**Material for this task:**
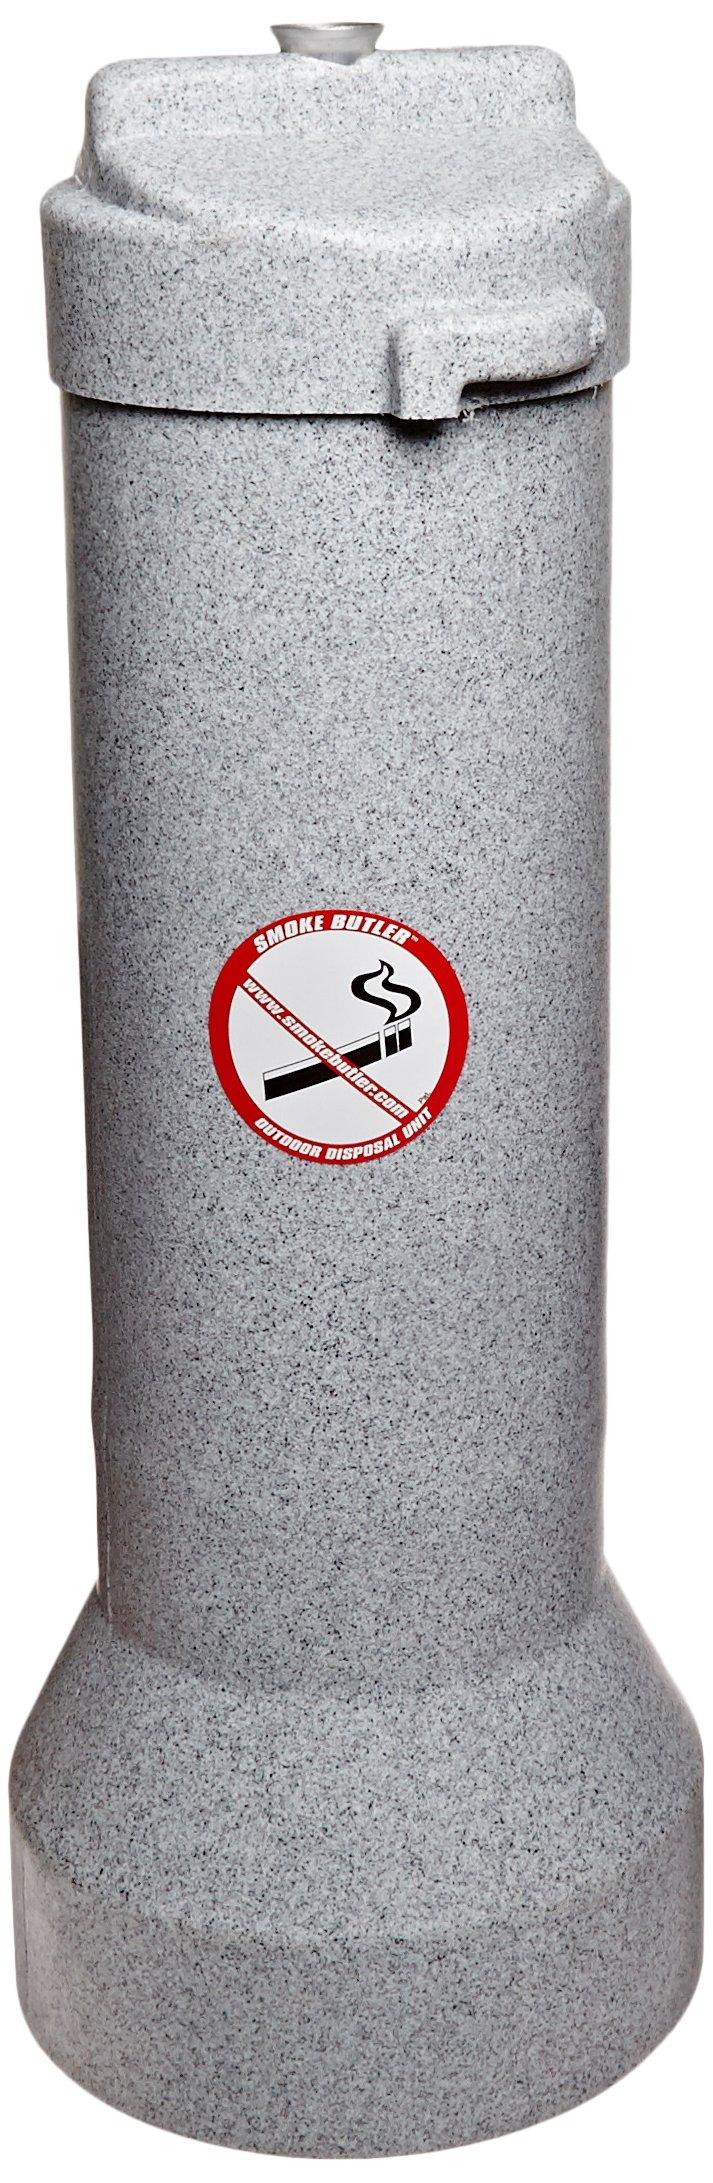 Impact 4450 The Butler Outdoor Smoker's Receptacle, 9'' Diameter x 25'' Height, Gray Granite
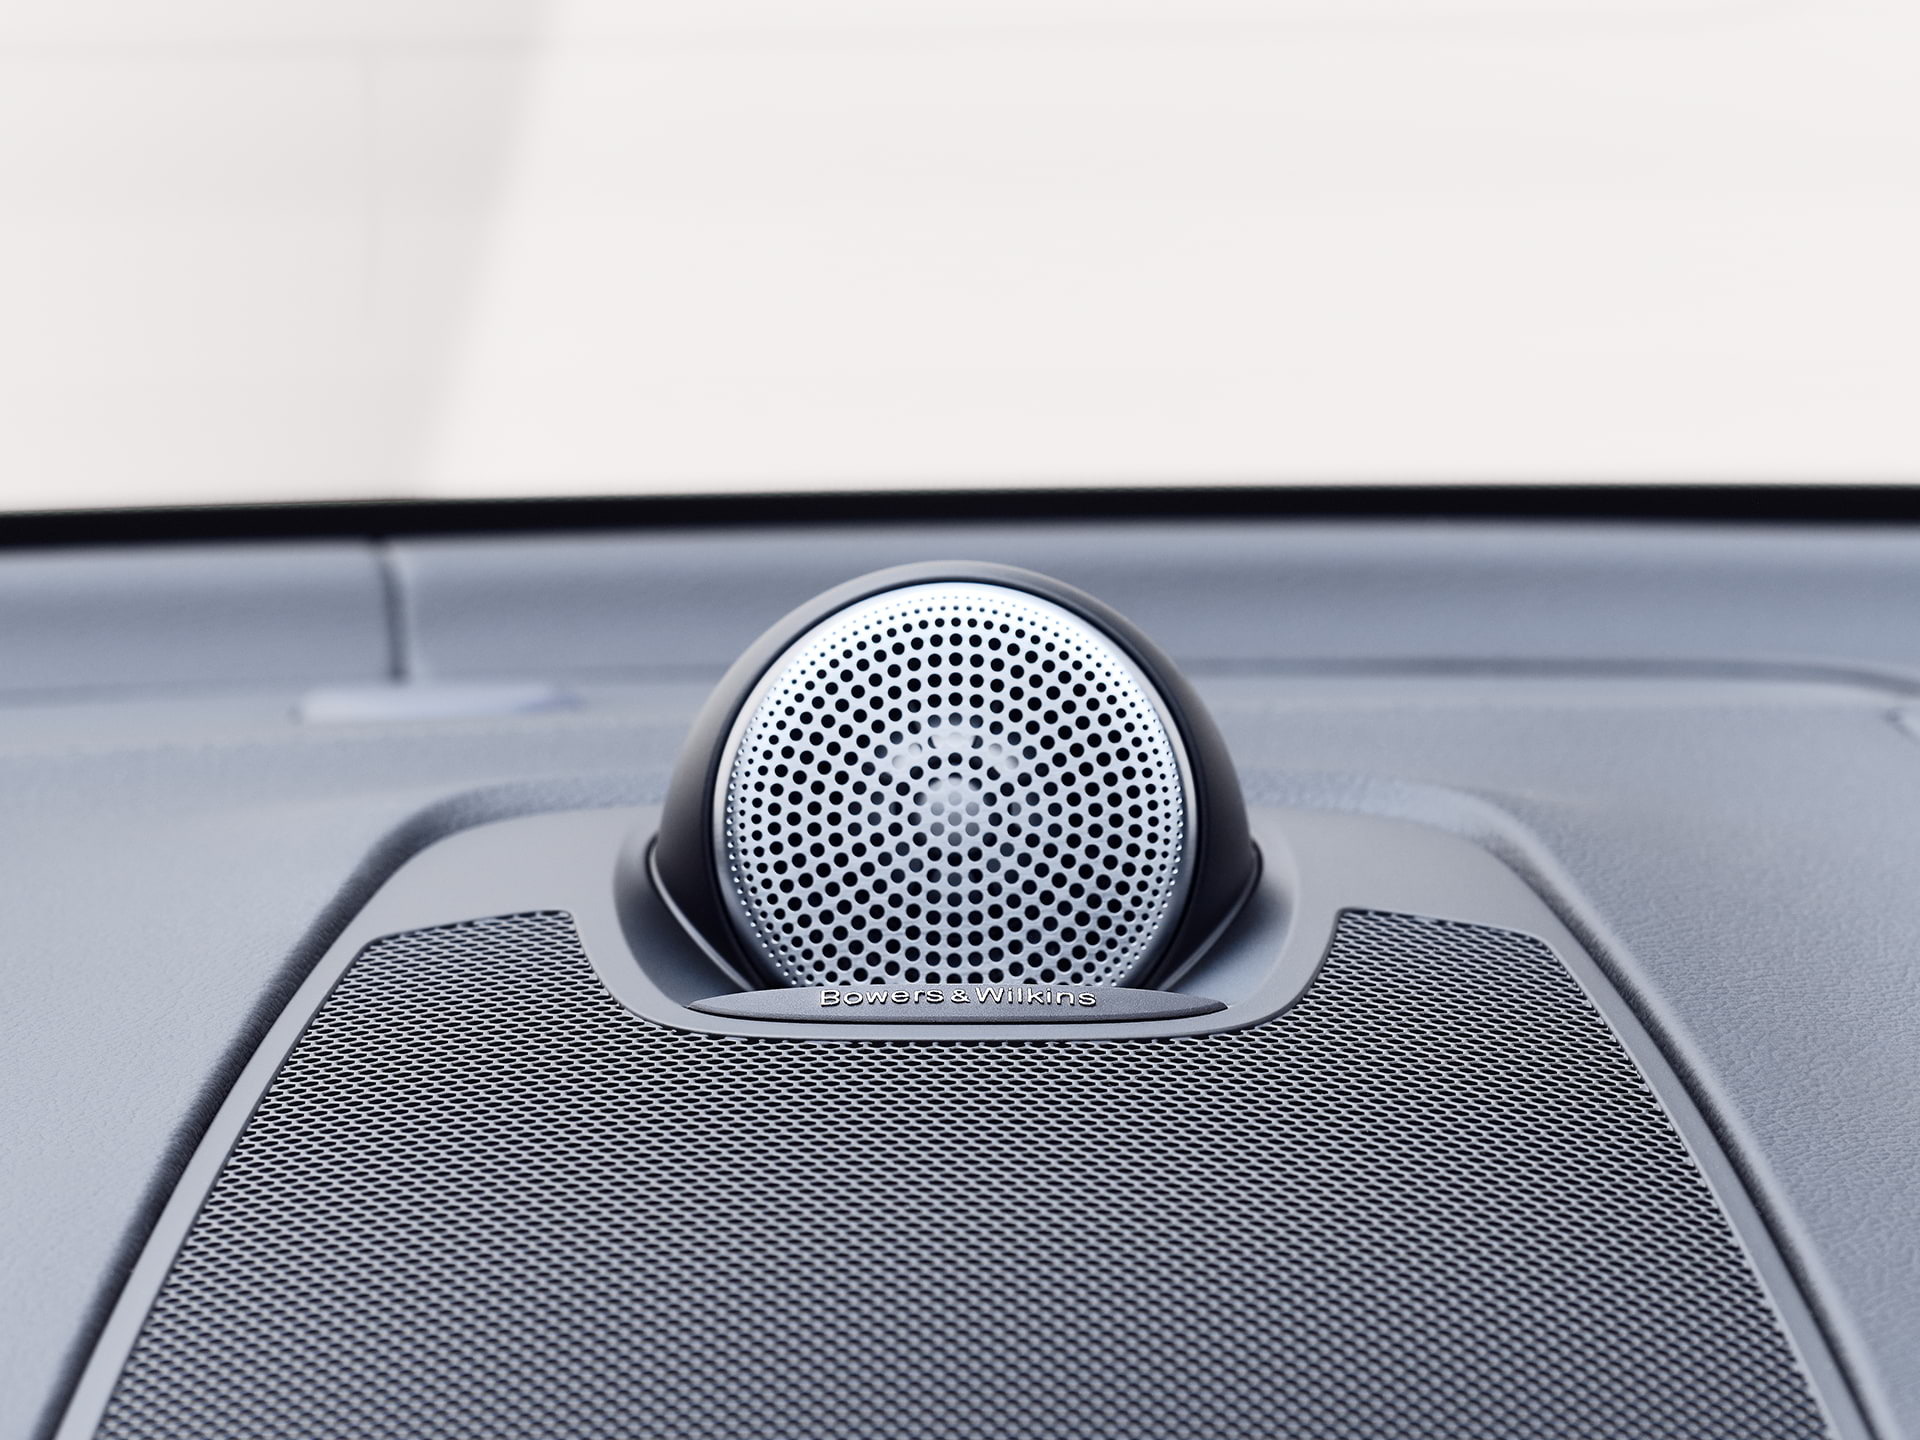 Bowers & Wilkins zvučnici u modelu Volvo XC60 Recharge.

--

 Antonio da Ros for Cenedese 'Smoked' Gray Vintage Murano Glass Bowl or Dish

* * *

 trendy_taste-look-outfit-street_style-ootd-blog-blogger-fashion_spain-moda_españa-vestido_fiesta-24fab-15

**Task details:** Return only the part above that opens with the line containing "Impact 4450 The" and closes with the line containing "Bowers & Wilkins", exactly and with both ends, skipping the pictures.

**Solution to this task:**
 Impact 4450 The Butler Outdoor Smoker's Receptacle, 9'' Diameter x 25'' Height, Gray Granite
 Bowers & Wilkins zvučnici u modelu Volvo XC60 Recharge.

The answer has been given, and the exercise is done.